Yes, it's hard to make a living at this. If you are asking about an advance on a picture book, as a beginner you can expect perhaps $6 to 10 thousand, though smaller publishers might offer less. If the book "earns out," which it may not, you would then earn an additional 5% of list price, or perhaps 80 cents per book sold, at best. Some publishers pay lower royalties.

Good luck!

A Question About Length and Format

First, let me appreciate your Web site and the wonderful material you make available for writers. It has helped me a lot. I have written a few children's stories and published some articles in magazines. One story (not for children) has been published in a book of collected stories. I teach writing and have helped a number of blossoming writers progress. I am also a copy editor.

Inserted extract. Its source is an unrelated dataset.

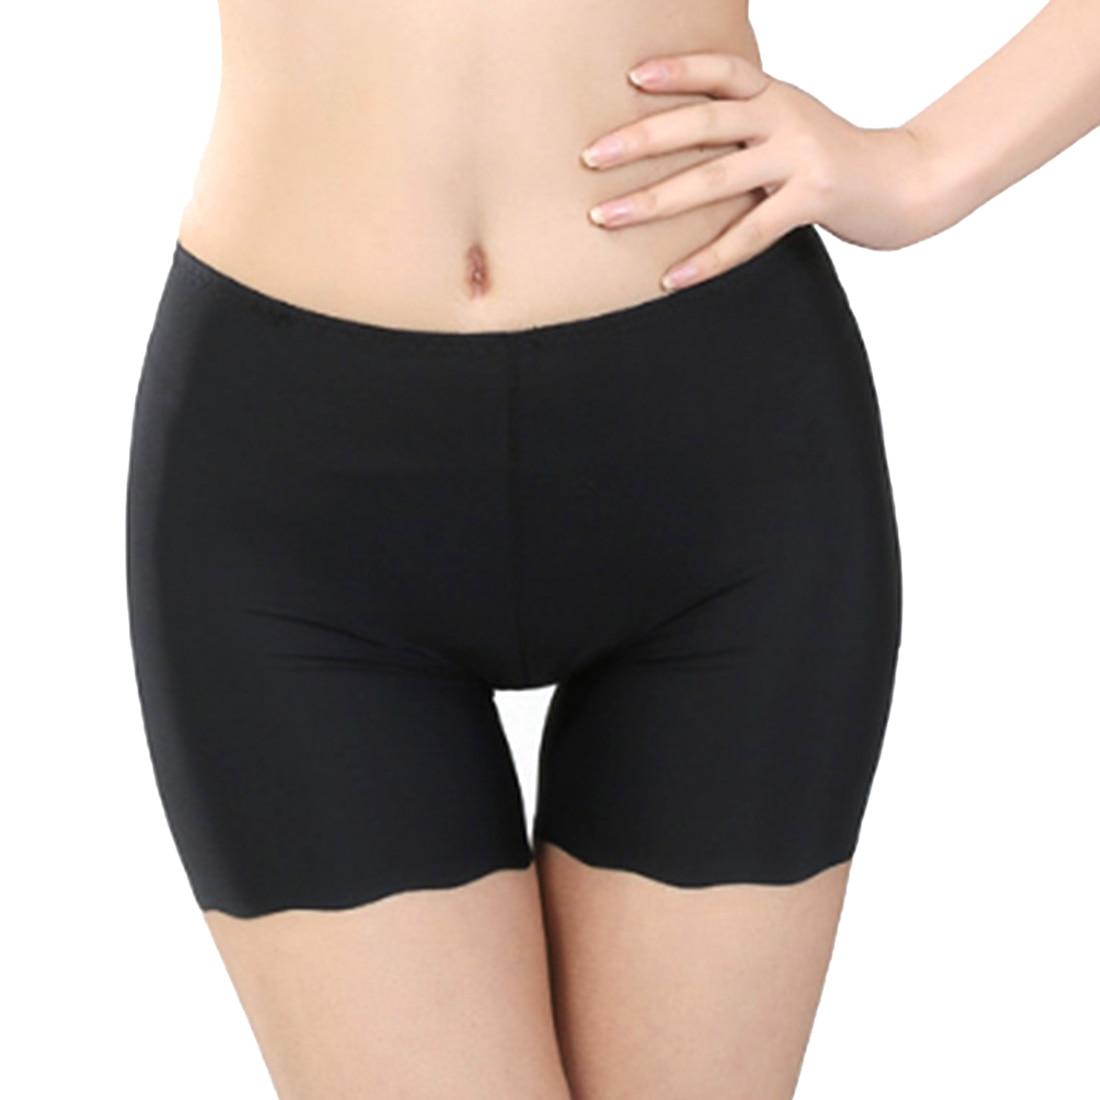 Women Lady Pants Short Skirt Under Short   Leggings   Briefs Seamless Pants Elastic   Leggings   Jammers

I have a question which I hope you can help me with. A writer who I have been helping has written a short story for children. I think it's a great story. It has a good hero with obstacles and great scenes, dialogue and secondary characters. It is very creative, and I think kids would love it. The problem is with the length of the story and what a publisher would accept.

It could be a story book or picture book, but it is 2500 words, which is long for a PB. It could also be made into an early chapter book, but these are usually 5000 words. The author wants to submit it to a publisher. I don't feel that there is anything extraneous in the story, and neither does he, which means it would be better not to cut the word count. He is considering adding another 2500 words to make it fit the standard length of a chapter book, which means adding scenes. I feel that the scenes would have to be great to keep the attention of the reader in this story. Perhaps he can do this, but personally, I like the story the way it is.

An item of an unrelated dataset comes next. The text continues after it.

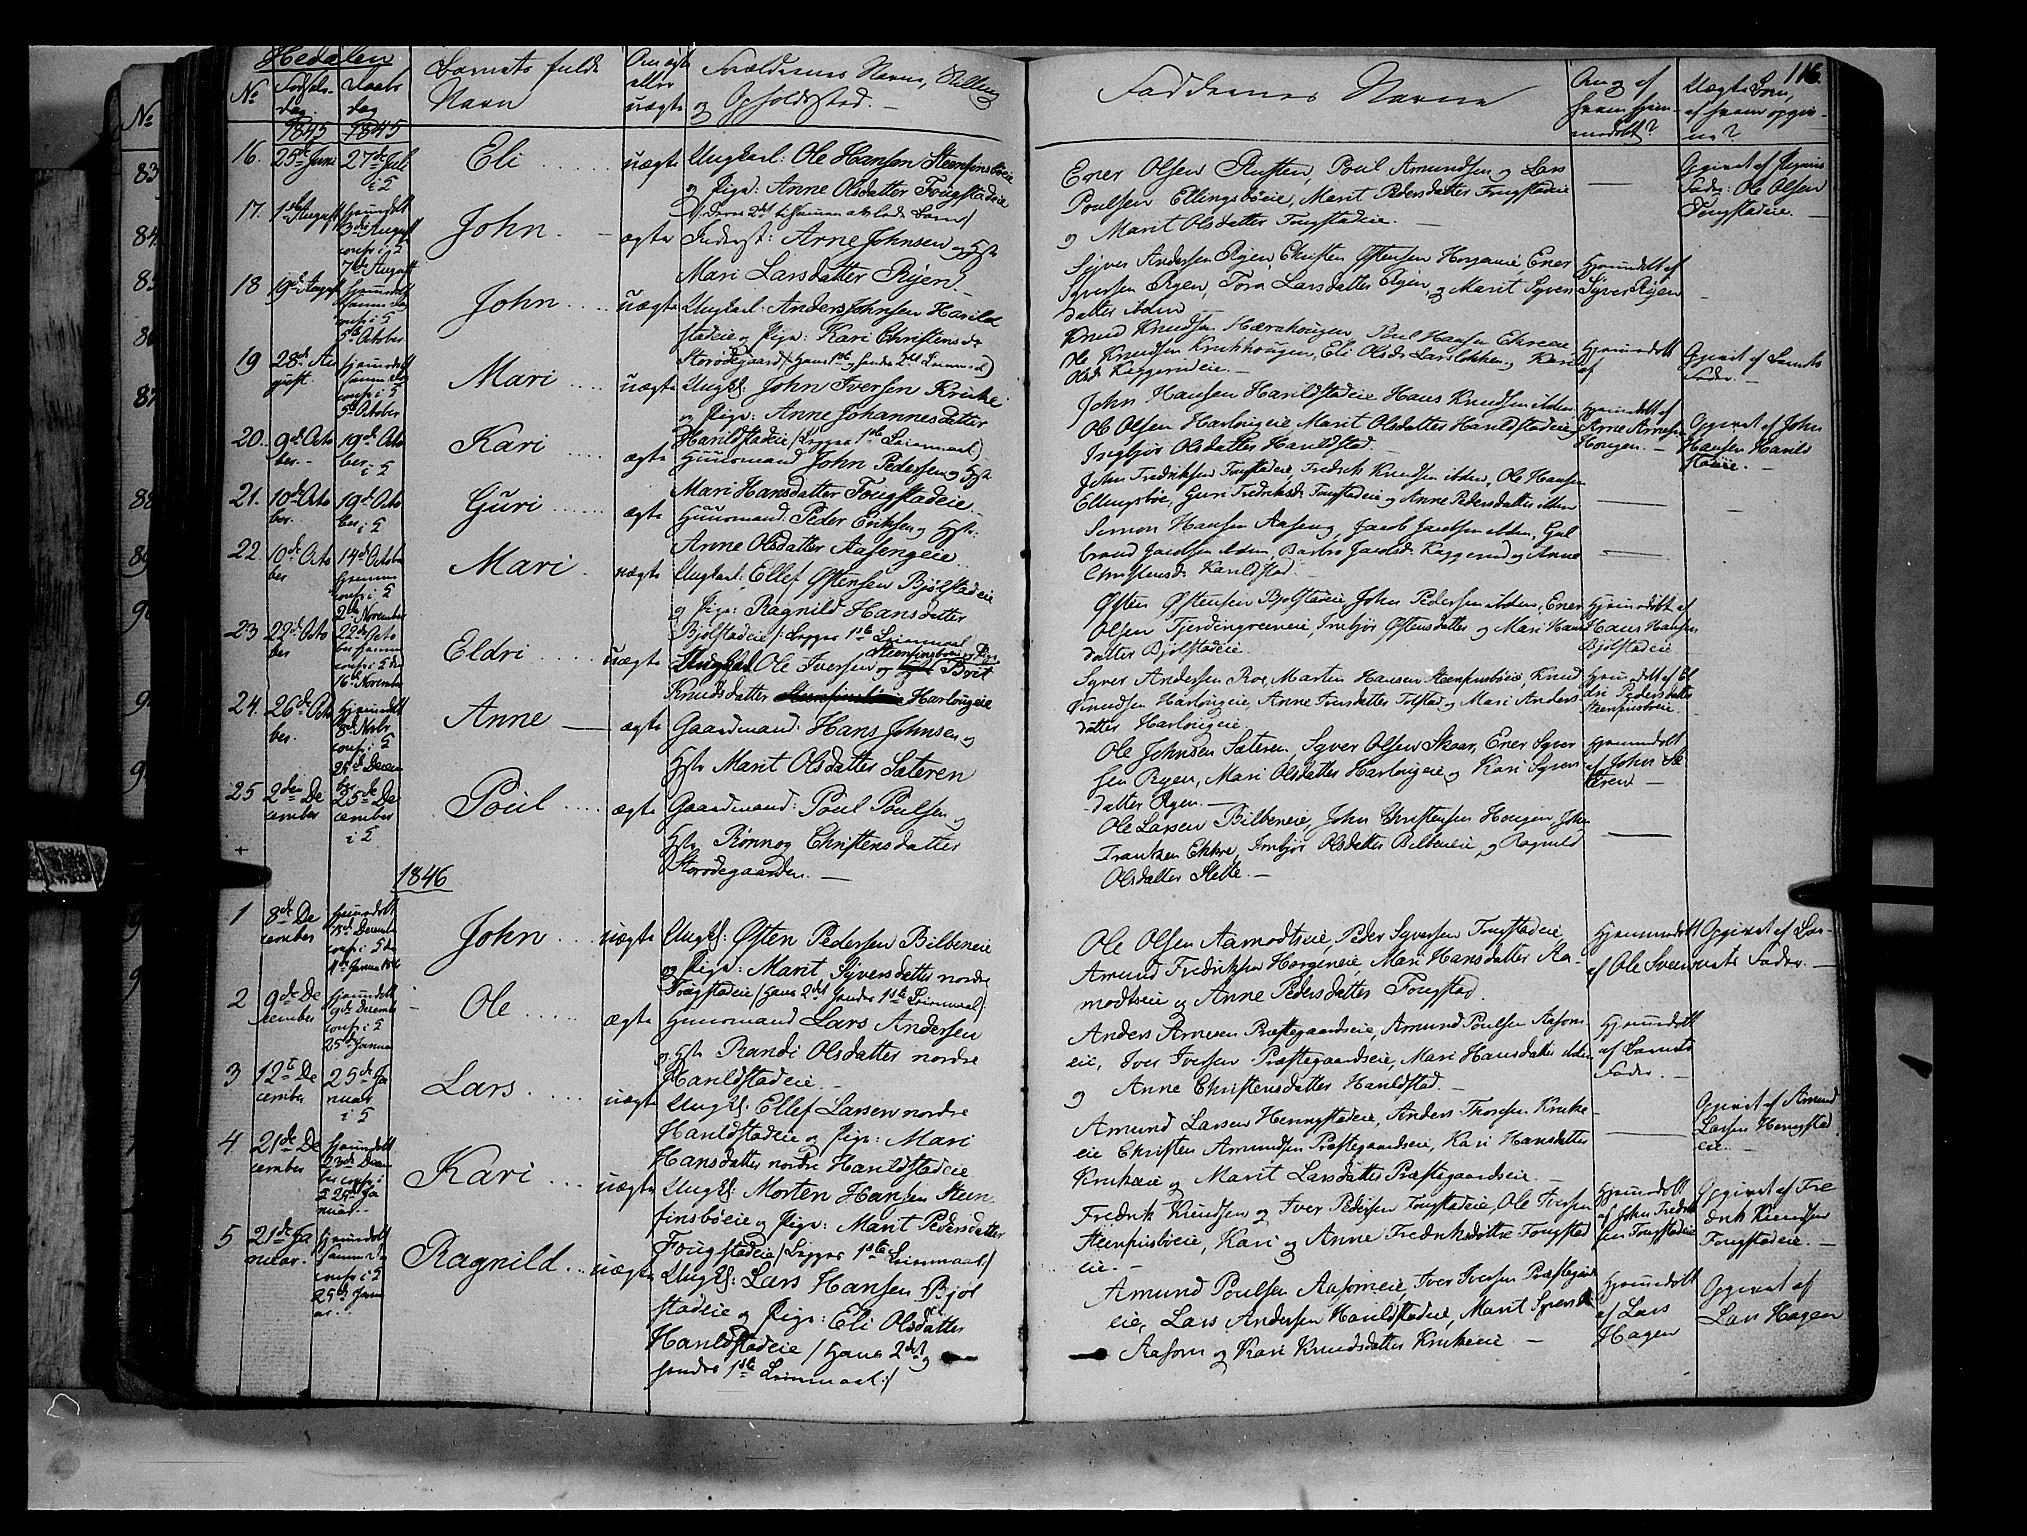 SAH, Vågå prestekontor, Ministerialbok nr. 5 /2, 1842-1856, s. 116

Could you give me any insight into whether he can submit this story to a publisher the way it is with a chance that the editor will consider it? Should he call it a story book rather than a picture book and say it would be 64 pages with pictures? Or would the story probably be rejected outright because it doesn't fit a prescribed genre?

Thanks so much for your time and help.

Thank you for your kind words.

Without seeing this manuscript, it's hard to give a firm answer. It might be worth sending to a publisher as is, simply because the quality of the writing might be recognized, and an editor might respond personally, resulting in an opportunity to submit other manuscripts in the future. Or, as you suggest, rules can be broken. Long picture books do get published. Short chapter books do get published.

On the other hand, it's also entirely possible that the manuscript will be seen as inappropriate for picture book length or chapter book, and will be rejected out of hand.

I really can't predict what could happen, especially as different publishers might have different reactions. I do have one thought, though. Would this story work in a magazine?

I wish you and your client success in finding a home for it.

This installment is based on emails I sent out in November in response to questions received at The Purple Crayon.